L'attentat a frappé l'hôpital civil de Quetta au moment où environ 200 personnes étaient venues se recueillir sur la dépouille du bâtonnier de la province, assassiné quelques heures plus tôt. Il s'agissait en grande partie d'avocats et de journalistes.

«Les avocats de tout le pays vont boycotter les procédures judiciaires mardi en signe de protestation après le meurtre d'avocats à Quetta hier», a indiqué dans un communiqué le Conseil du Barreau du Pakistan.

Ecoles fermées

Les écoles du Baloutchistan, province instable dont Quetta est la capitale, vont rester fermées mardi en signe de deuil, a indiqué le porte-parole de l'exécutif provincial, Anwar-ul-Haq Kakar. Les victimes vivant à proximité de Quetta ont déjà été enterrées, selon lui. Celles originaires de régions éloignées doivent encore être inhumées.

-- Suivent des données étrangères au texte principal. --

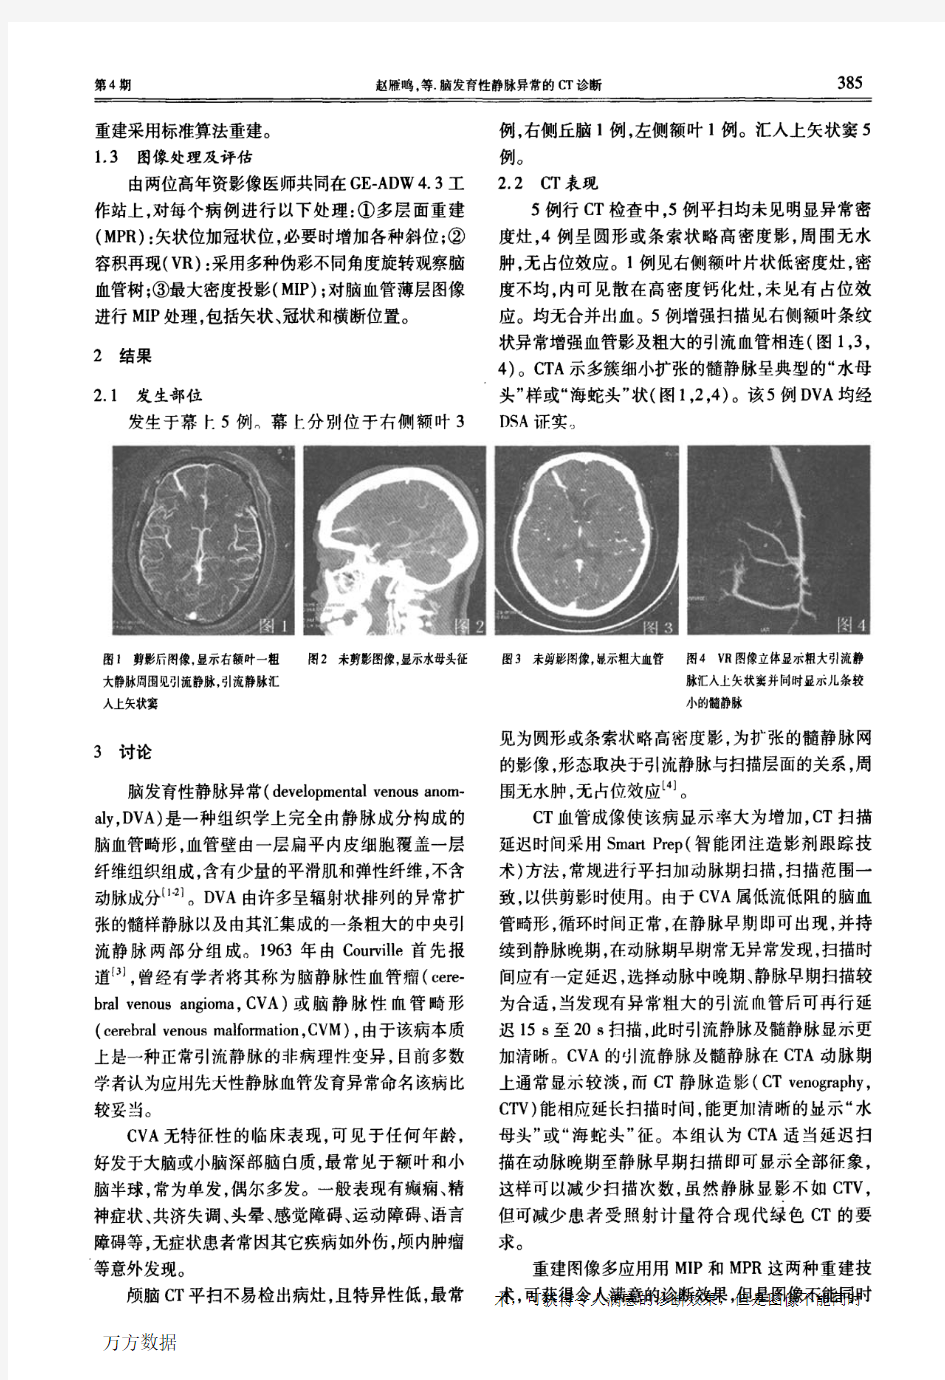 脑发育性静脉异常的CT诊断
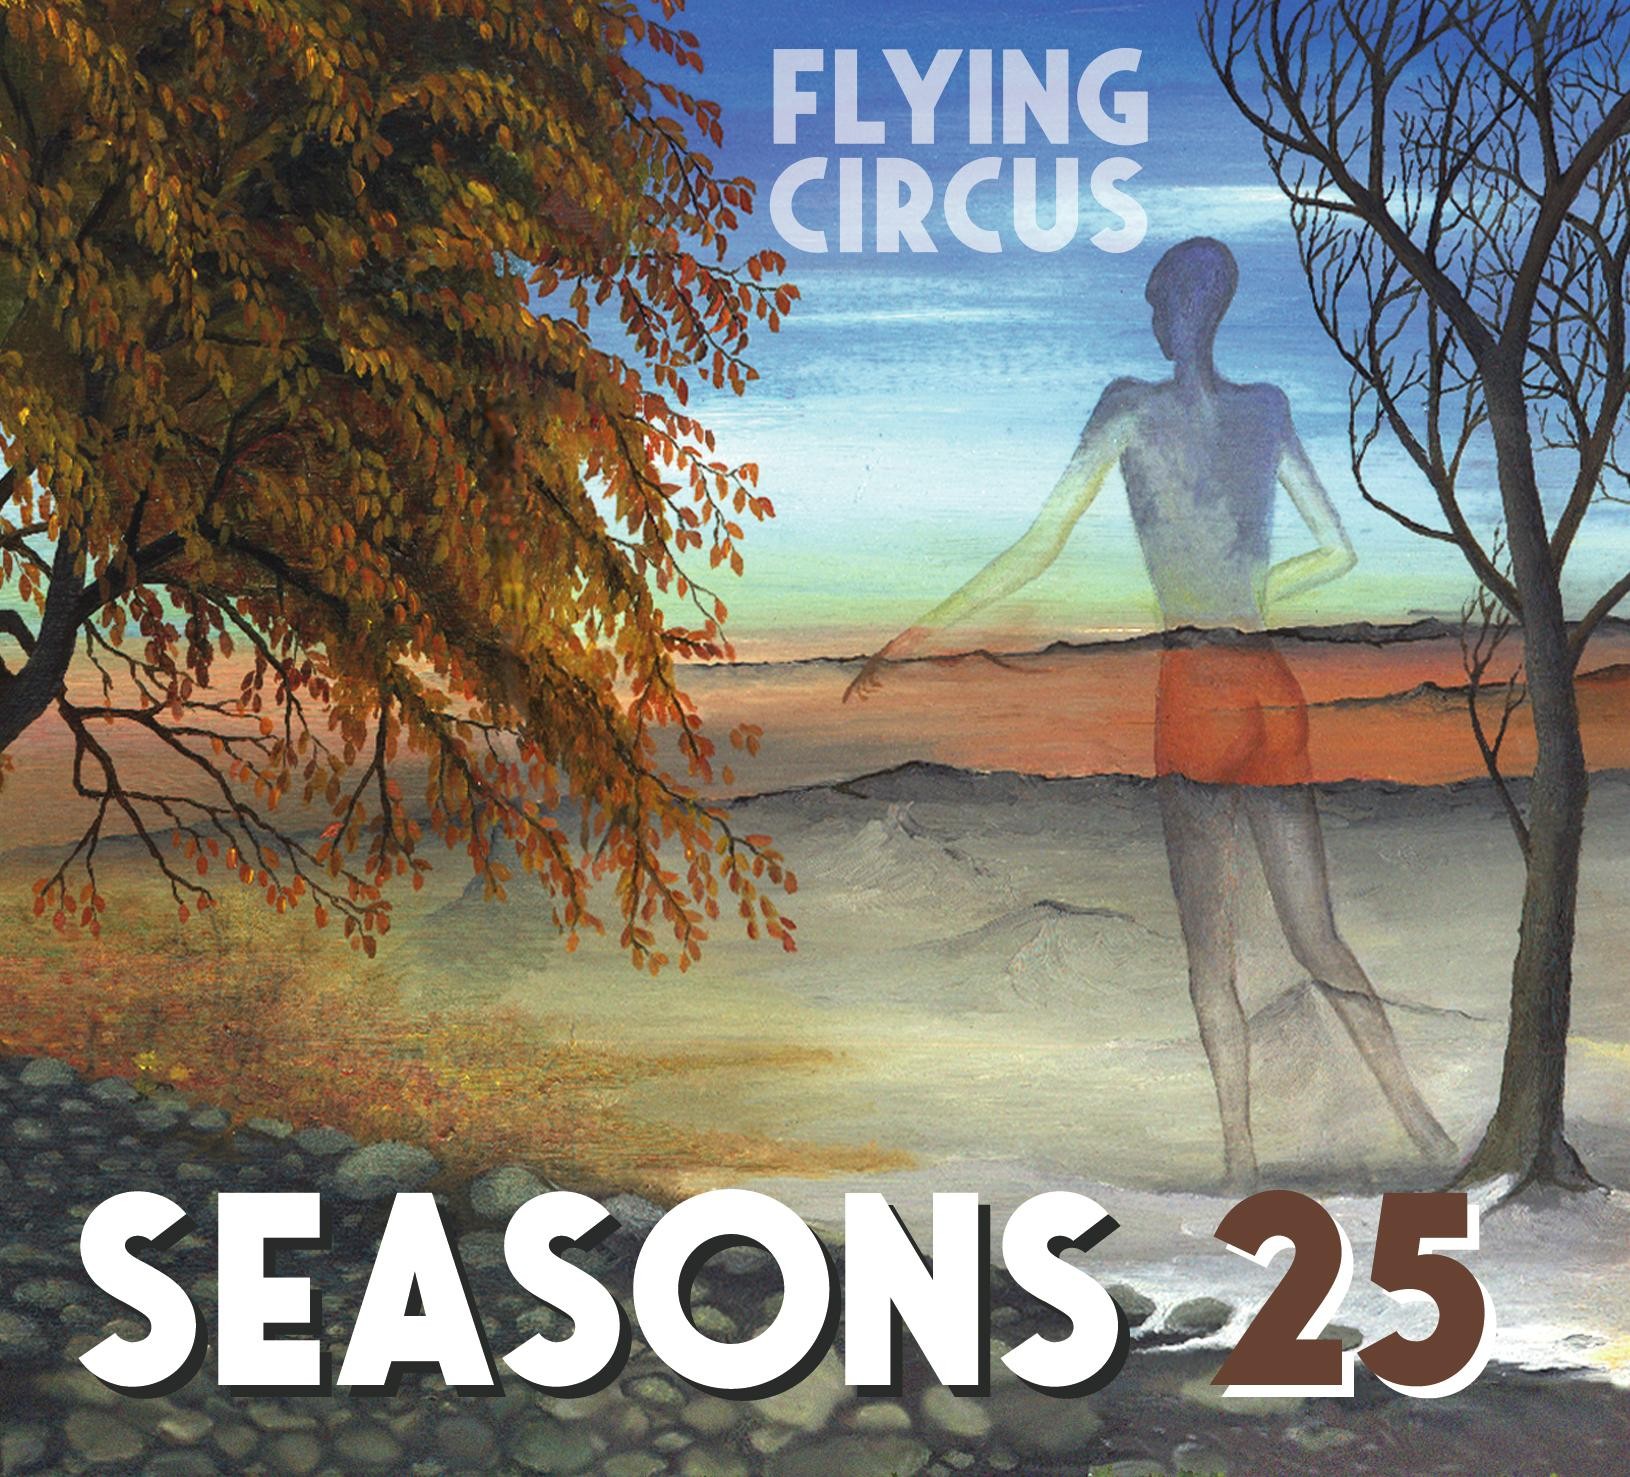 FLYNG CIRCUS – Seasons 25

Parmi les 112 blessés décomptés par des responsables lundi, 27 qui se trouvaient dans un état critique ont été transportés par air jusqu'à Karachi. Ils sont désormais «hors de danger» selon un porte-parole de l'hôpital Aga Khan.

Revendications

L'attentat a été revendiqué lundi soir par une faction talibane, Jammat-ul-Ahrar (JuA), puis par le groupe Etat islamique (EI). Le JuA, formé en 2014, a notamment revendiqué l'attentat le plus meurtrier de l'année, un carnage dans un parc pour enfants de Lahore qui a coûté la vie à 75 personnes le week-end de Pâques.

Quelques heures après la revendication du JuA, le groupe EI a à son tour revendiqué l'attentat via un de ses organes de propagande. Le groupe djihadiste peine à s'établir au Pakistan notamment en raison d'une concurrence déjà vive entre mouvements islamistes solidement établis, dont les talibans.